As I understand it, a field length of a given document is the number of terms indexed in the field of the given document. However, it seems that the field length is never an integer. For instance, I've seen a document with two terms in its content field, but the content field length as calculated by Solr is actually 2.56, not 2 as I've expected. How is a field length really being calculated in Solr/Lucene?
I'm referring to the field length as it is used when calculating the score according to the BM25 similarity function, but I think that field lengths are being calculated for other ranking schemes.
As i see in the code for BM25Similarity:
public final long computeNorm(FieldInvertState state) { final int numTerms = discountOverlaps ? state.getLength() - state.getNumOverlap() : state.getLength(); return encodeNormValue(state.getBoost(), numTerms); }
where state#getLength() is:
/** * Get total number of terms in this field. * @return the length */ public int getLength() { return length; }
Actually, it's an integer. Could you please tell, where do you see non integer values? SolrAdmin UI? where?

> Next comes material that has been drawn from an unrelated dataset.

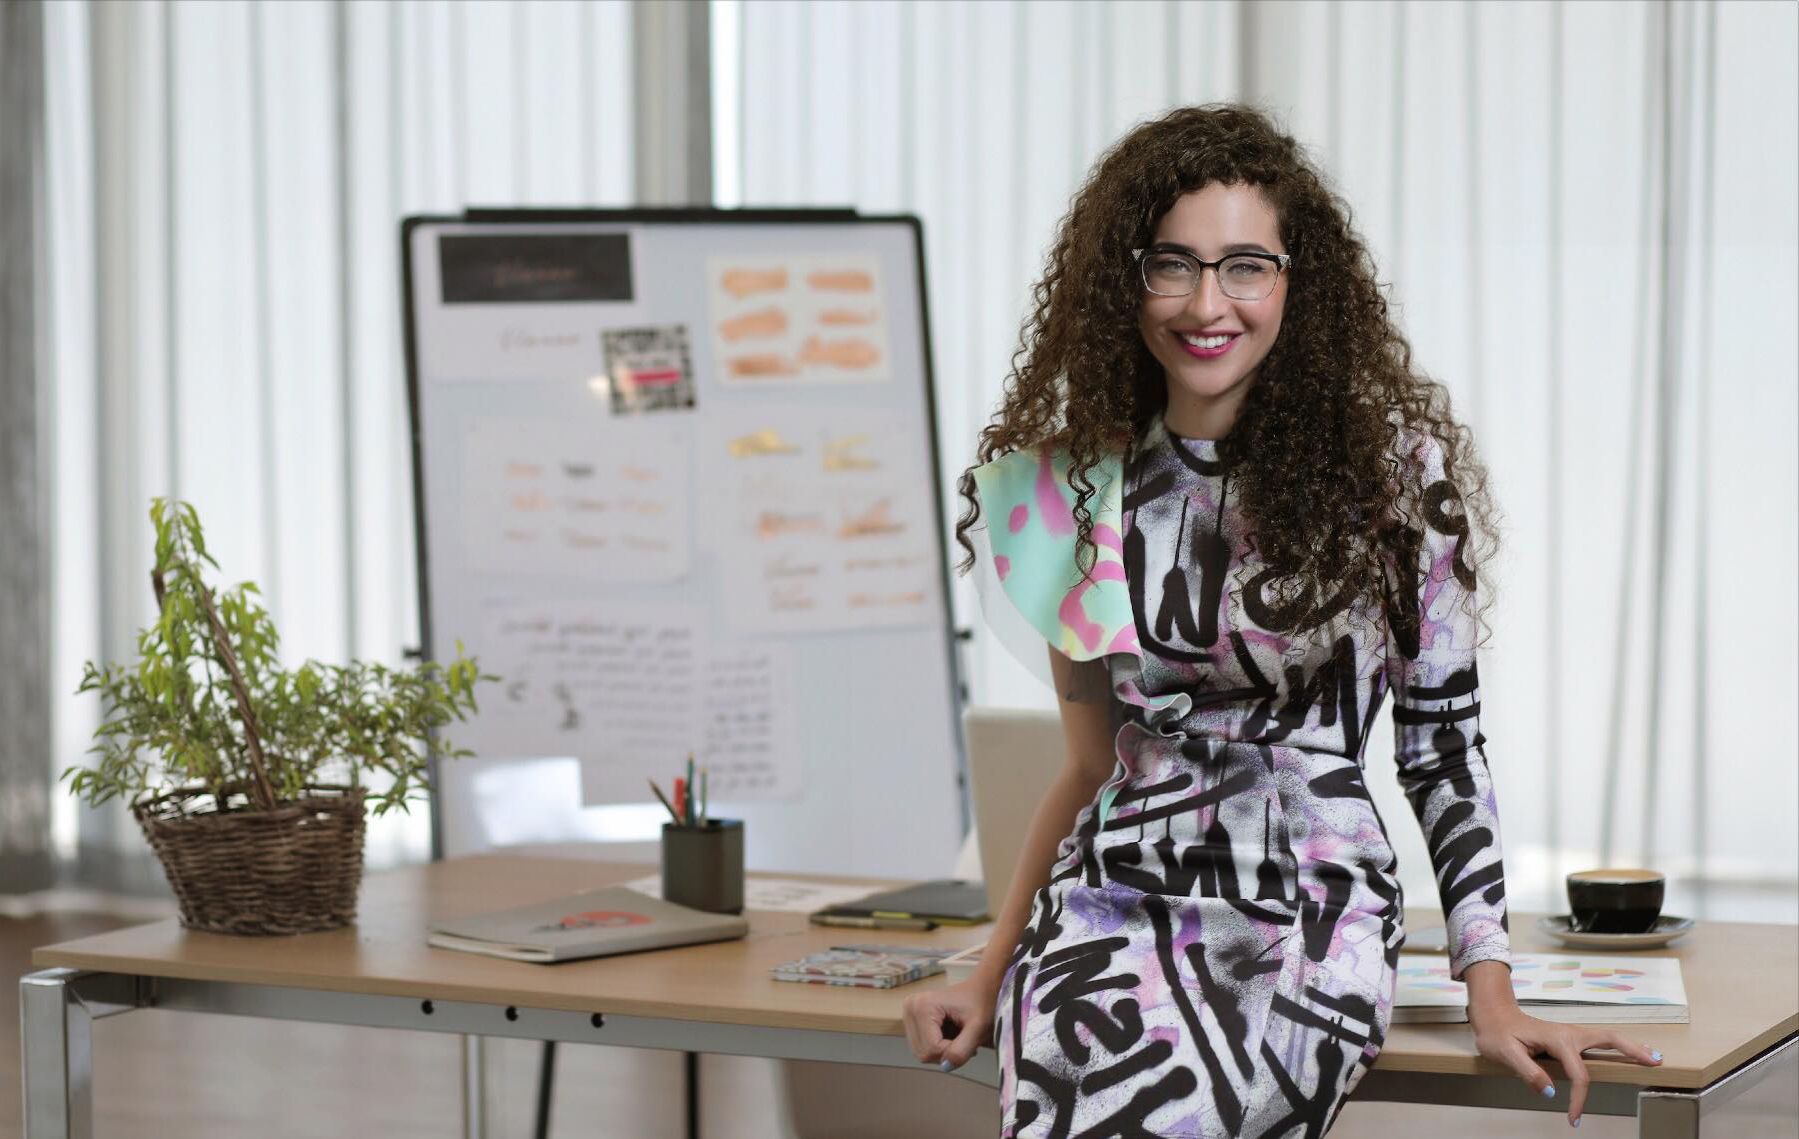 Ghada Wali, an award-winning Egyptian graphic designer who has created an Arabic learning tool
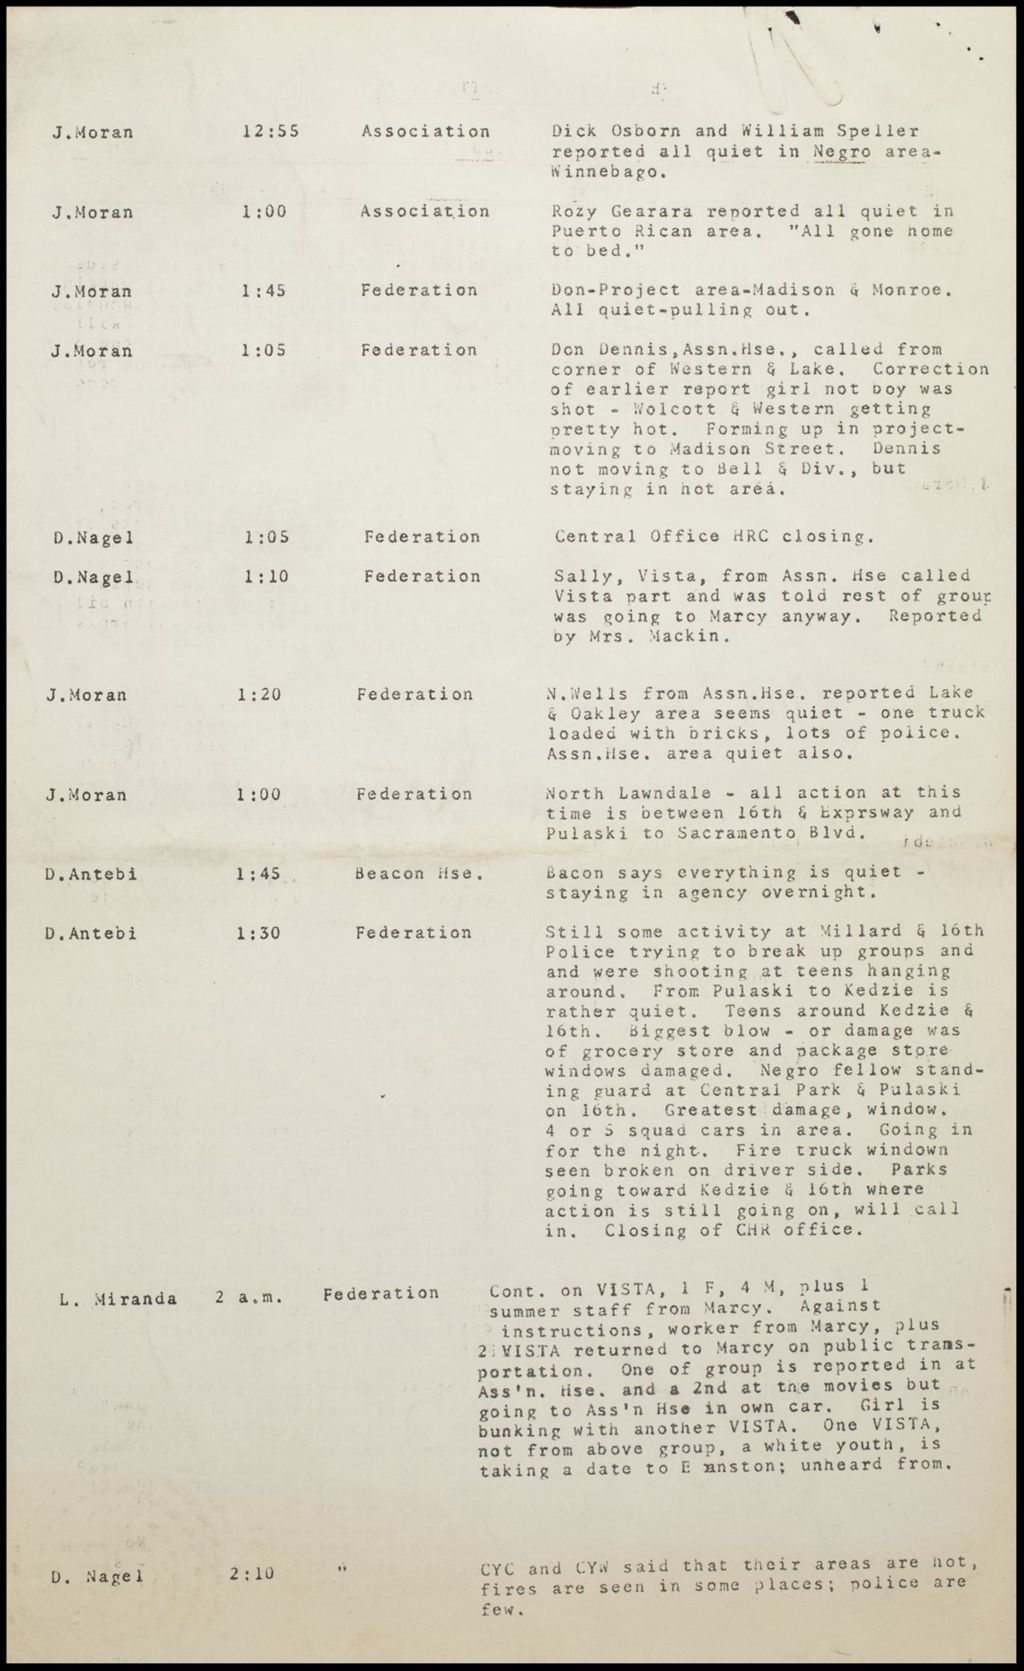 Miniature of Reports on Racial Violence, 1964-1968 (Folder III-1816)

Now, as you posted the output, I found the place where it comes from: source
Take a look at this:
private Explanation explainTFNorm(int doc, Explanation freq, BM25Stats stats, NumericDocValues norms) { List<Explanation> subs = new ArrayList<>(); subs.add(freq); subs.add(Explanation.match(k1, "parameter k1")); if (norms == null) { subs.add(Explanation.match(0, "parameter b (norms omitted for field)")); return Explanation.match( (freq.getValue() * (k1 + 1)) / (freq.getValue() + k1), "tfNorm, computed from:", subs); } else { float doclen = decodeNormValue((byte)norms.get(doc)); subs.add(Explanation.match(b, "parameter b")); subs.add(Explanation.match(stats.avgdl, "avgFieldLength")); subs.add(Explanation.match(doclen, "fieldLength")); return Explanation.match( (freq.getValue() * (k1 + 1)) / (freq.getValue() + k1 * (1 - b + b * doclen/stats.avgdl)), "tfNorm, computed from:", subs); } }
So, by the field length they output: float doclen = decodeNormValue((byte)norms.get(doc));
/** The default implementation returns <code>1 / f<sup>2</sup></code> * where <code>f</code> is {@link SmallFloat#byte315ToFloat(byte)}. */ protected float decodeNormValue(byte b) { return NORM_TABLE[b & 0xFF]; } /** Cache of decoded bytes. */ private static final float[] NORM_TABLE = new float[256]; static { for (int i = 1; i < 256; i++) { float f = SmallFloat.byte315ToFloat((byte)i); NORM_TABLE[i] = 1.0f / (f*f); } NORM_TABLE[0] = 1.0f / NORM_TABLE[255]; // otherwise inf }
In fact, looking at the wikipedia this docLen should be
a |D| is the length of the document D in words
Elaborating the previous answer "fieldLength" is calculated via complicated mathematical normalization (encoding/decoding) equation (basically compressing 32 bit integers to 8 bits to save disk space while storing the data) in class SmallFloat.java.
This is description of decodeNormValue() function which calculates the fieldLength in BM25:
Default scoring implementation which {@link encodeNormValue(float) encodes} norm values as a single byte before being stored. At search time, the norm byte value is read from the index {@link org.apache.lucene.store.Directory directory} and {@link decodeNormValue(long) decoded} back to a float norm value. This encoding/decoding, while reducing index size, comes with the price of precision loss - it is not guaranteed that decode(encode(x)) = x. For instance, decode(encode(0.89)) = 0.875
Hope this helps.